Hello,
I am using merge_asof as means of adding a column as an interpolated dataset (and thus, using direction="nearest").
I am getting an error calling .tail() on a non-computed dataframe that has used merge_asof. I have created a simple, reproducible snippet:
import numpy as np
import pandas as pd
import dask.dataframe as dd
# simple example dataframes
left_df = dd.from_pandas(pd.DataFrame(dict(a=np.linspace(0,1,10))), npartitions=3) # arbitrary npartitions greater than 1
right_df = dd.from_pandas(pd.DataFrame(dict(a=np.sort(np.random.random(20)), b=np.random.random(20))), npartitions=2) # arbitrary npartitions greater than 1
merged_df = dd.merge_asof(left_df, right_df, on='a', direction="nearest")
computed_df = merged_df.compute()
print(computed_df.tail()) # no error
print(merged_df.tail()) # throws error
Error:
---------------------------------------------------------------------------
NotImplementedError Traceback (most recent call last)
Cell In[53], line 12
10 computed_df = merged_df.compute()
11 display(computed_df.tail()) # no error
---> 12 display(merged_df.tail()) # throws error
File ~/.local/lib/python3.11/site-packages/dask/dataframe/dask_expr/_collection.py:702, in FrameBase.tail(self, n, compute)
700 out = new_collection(expr.Tail(self, n=n))
701 if compute:
--> 702 out = out.compute()
703 return out
File ~/.local/lib/python3.11/site-packages/dask/base.py:373, in DaskMethodsMixin.compute(self, **kwargs)
349 def compute(self, **kwargs):
350 """Compute this dask collection
351
352 This turns a lazy Dask collection into its in-memory equivalent.
(...)
371 dask.compute
372 """
--> 373 (result,) = compute(self, traverse=False, **kwargs)
374 return result
File ~/.local/lib/python3.11/site-packages/dask/base.py:681, in compute(traverse, optimize_graph, scheduler, get, *args, **kwargs)
678 expr = expr.optimize()
679 keys = list(flatten(expr.__dask_keys__()))
--> 681 results = schedule(expr, keys, **kwargs)
683 return repack(results)
File ~/.local/lib/python3.11/site-packages/dask/_expr.py:581, in __dask_graph__()
578 continue
579 seen.add(expr._name)
--> 581 layers.append(expr._layer())
582 for operand in expr.dependencies():
583 stack.append(operand)
File ~/.local/lib/python3.11/site-packages/dask/_expr.py:294, in _layer()
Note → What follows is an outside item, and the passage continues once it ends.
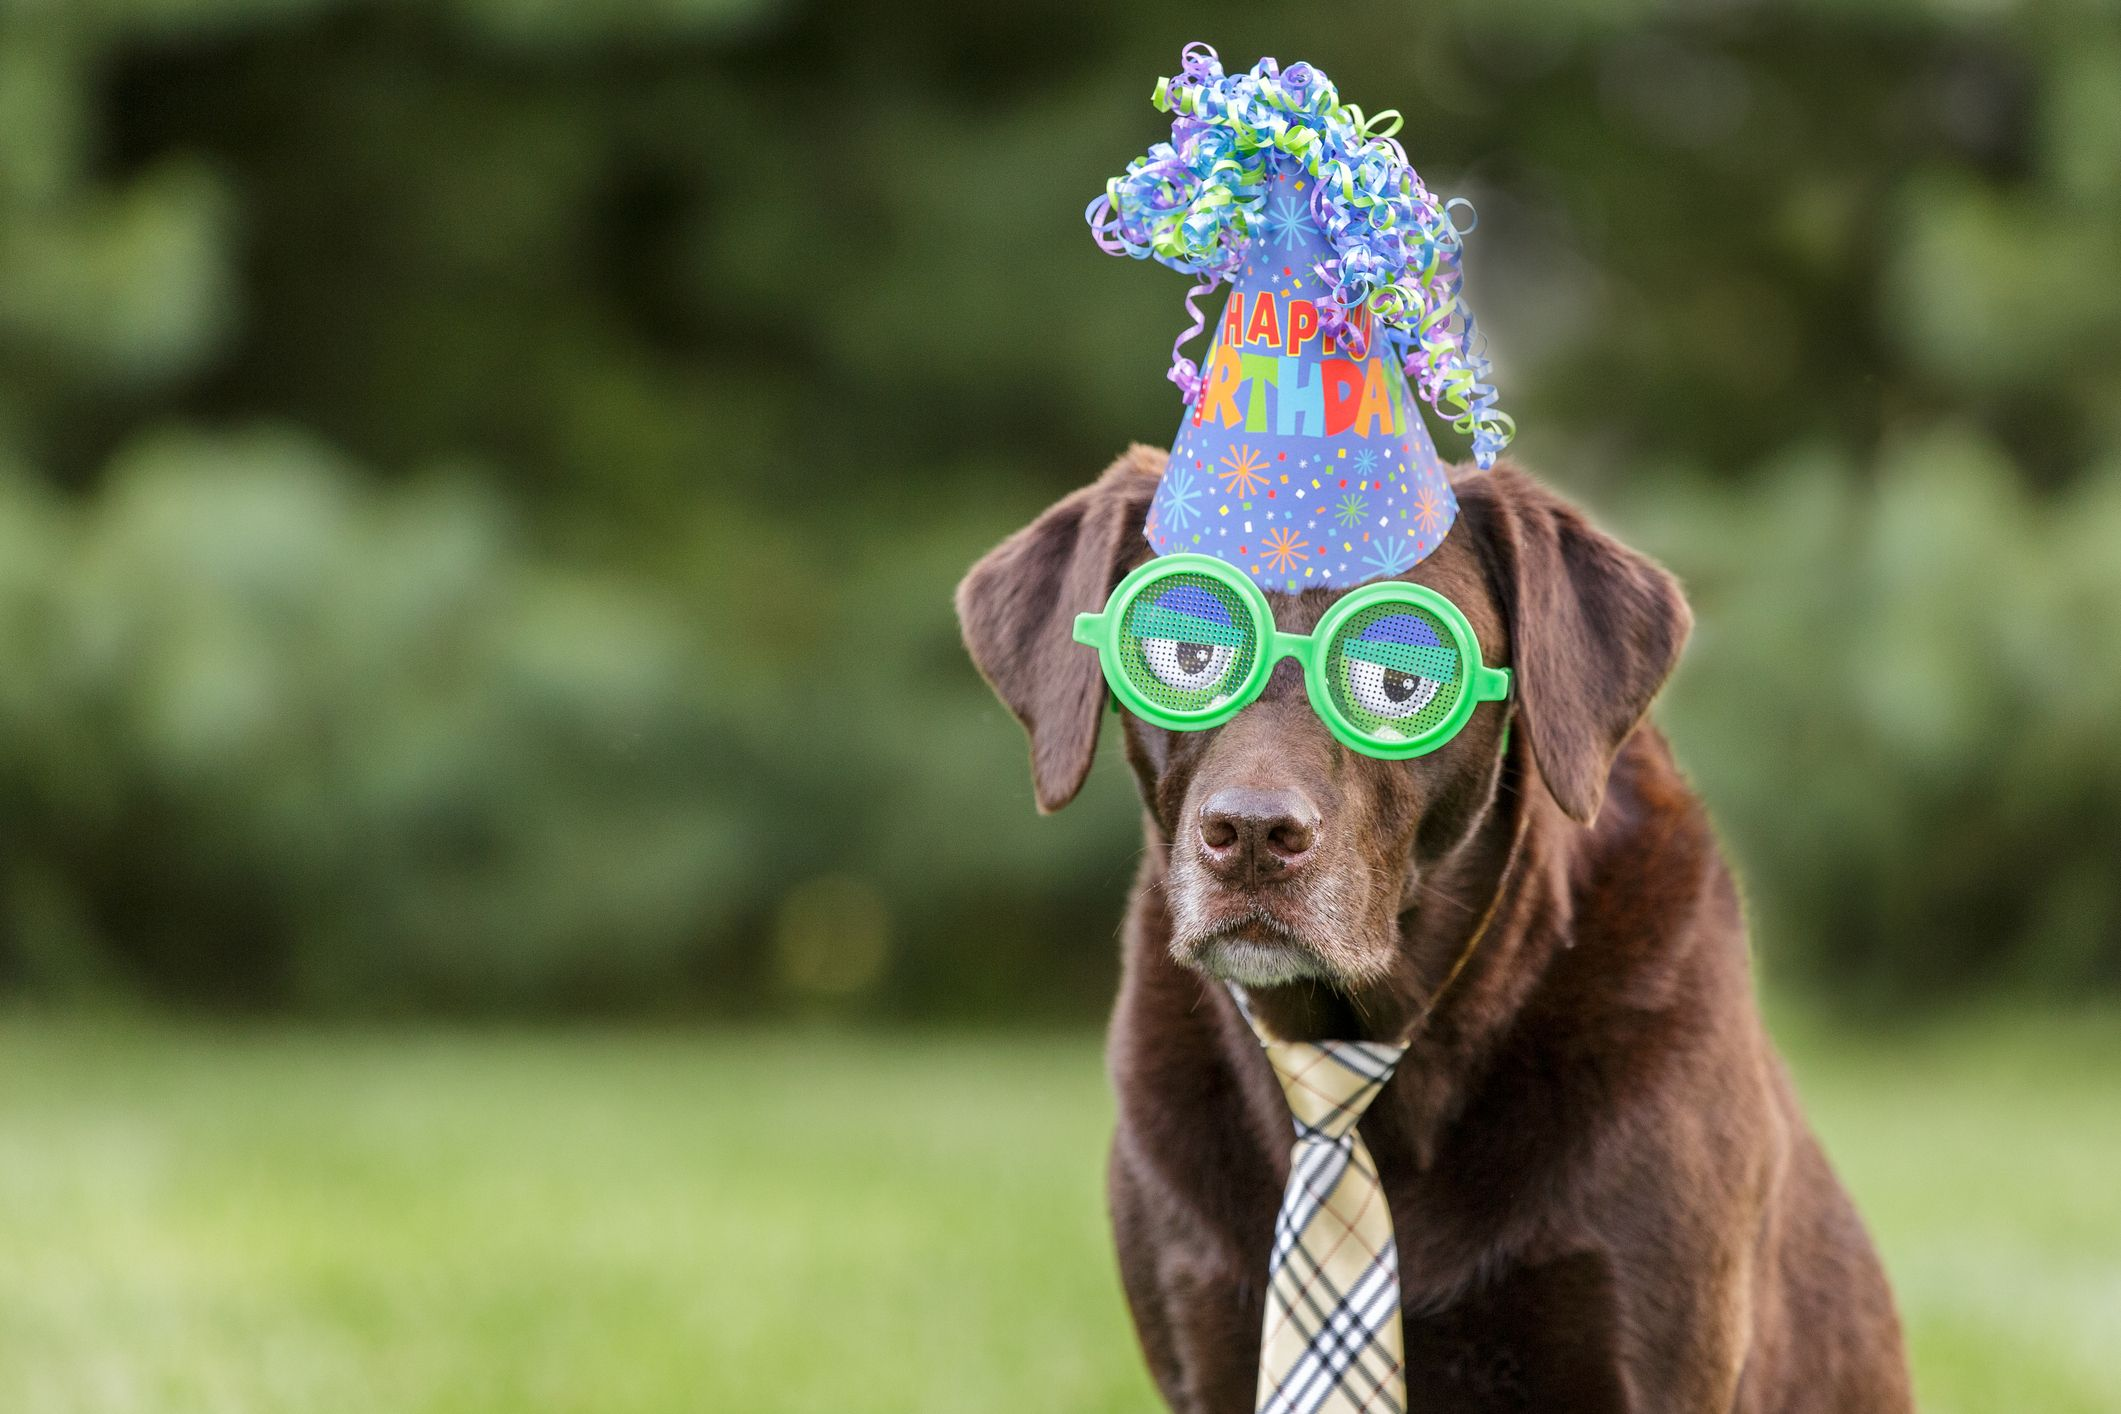 Enjoyable 50 Best Birthday Captions For Instagram Cute And Funny Birthday Funny Birthday Cards Online Overcheapnameinfo
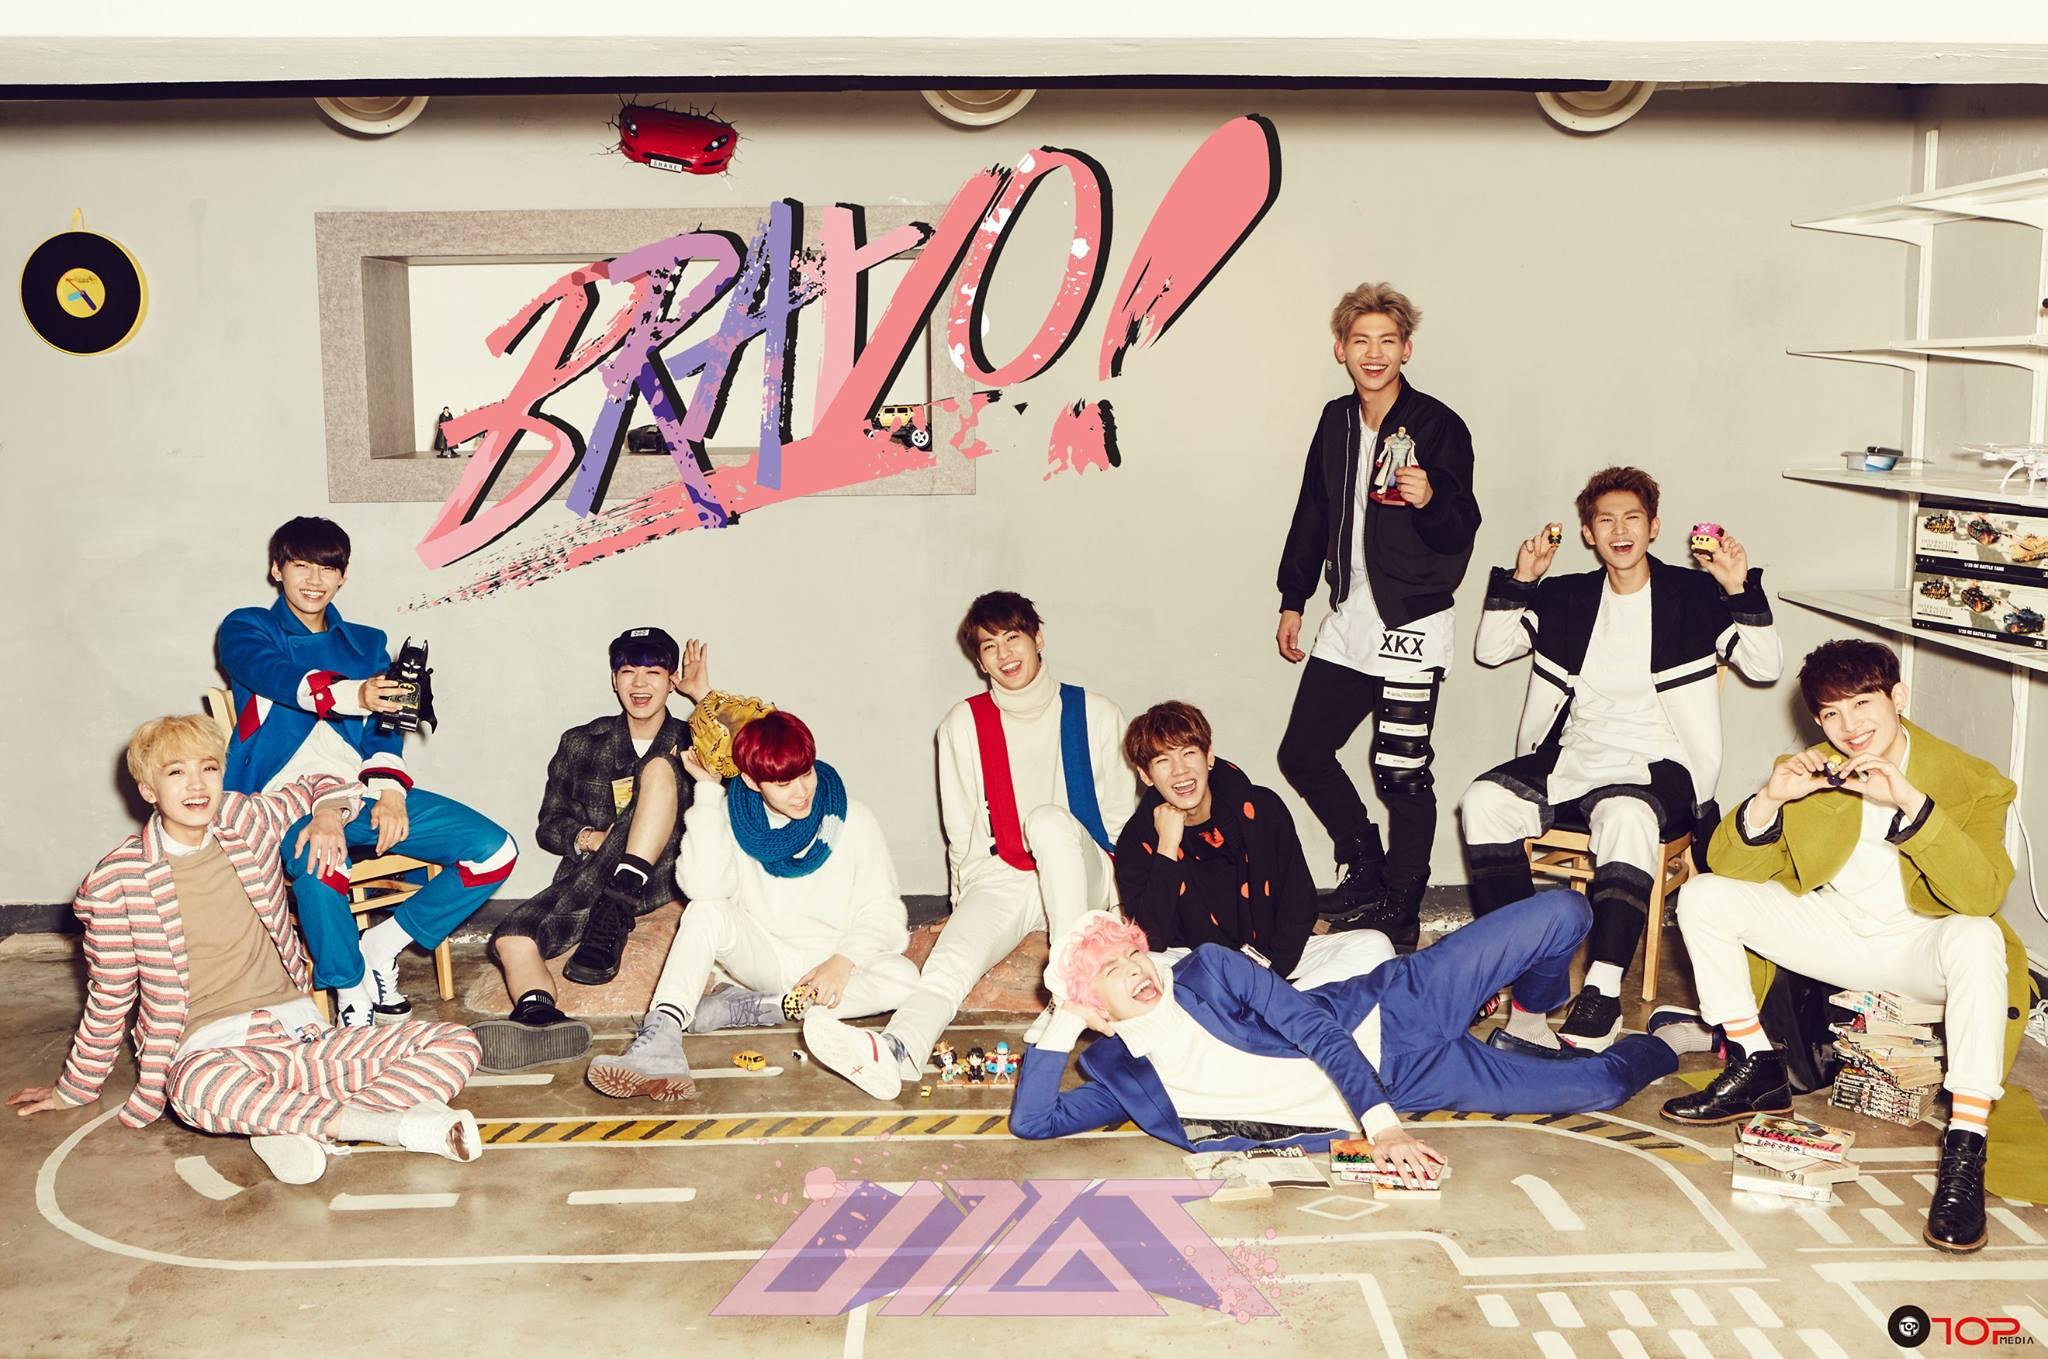 新人團體「Up10tion」也選在 27 日公開第二張迷你專輯《BRAVO!》主打歌「Catch me!(여기 여기 붙어라)」的音源和 MV。

263 def _layer(self) -> dict:
264 """The graph layer added by this expression.
265
266 Simple expressions that apply one task per partition can choose to only
(...)
291 Expr.__dask_graph__
292 """
--> 294 return {
295 (self._name, i): self._task((self._name, i), i)
296 for i in range(self.npartitions)
297 }
File ~/.local/lib/python3.11/site-packages/dask/_expr.py:295, in <dictcomp>()
263 def _layer(self) -> dict:
264 """The graph layer added by this expression.
265
266 Simple expressions that apply one task per partition can choose to only
(...)
291 Expr.__dask_graph__
292 """
294 return {
--> 295 (self._name, i): self._task((self._name, i), i)
296 for i in range(self.npartitions)
297 }
File ~/.local/lib/python3.11/site-packages/dask/dataframe/dask_expr/_expr.py:2661, in _task()
2660 def _task(self, name: Key, index: int) -> Task:
-> 2661 raise NotImplementedError()
NotImplementedError:
Versions:
Dask 2025.7.0
Pandas 2.2.3
Numpy 1.26.4
In this example, left_df and right_df are manually defined and arbitrary sizes; each npartitions is arbitrary, but no error is thrown when both have npartitions=1. In my actual context, I am using a dask dataframe made from read_parquet, so I don’t believe this is an error specific to the object origin.
Note also that .head() works and does not throw any error.
I can understand the meaning of the words “Not Implemented” but I’m unsure what this is referring to. Is there something I am doing wrong? Can this error be avoided?
Thank you very much for time and help!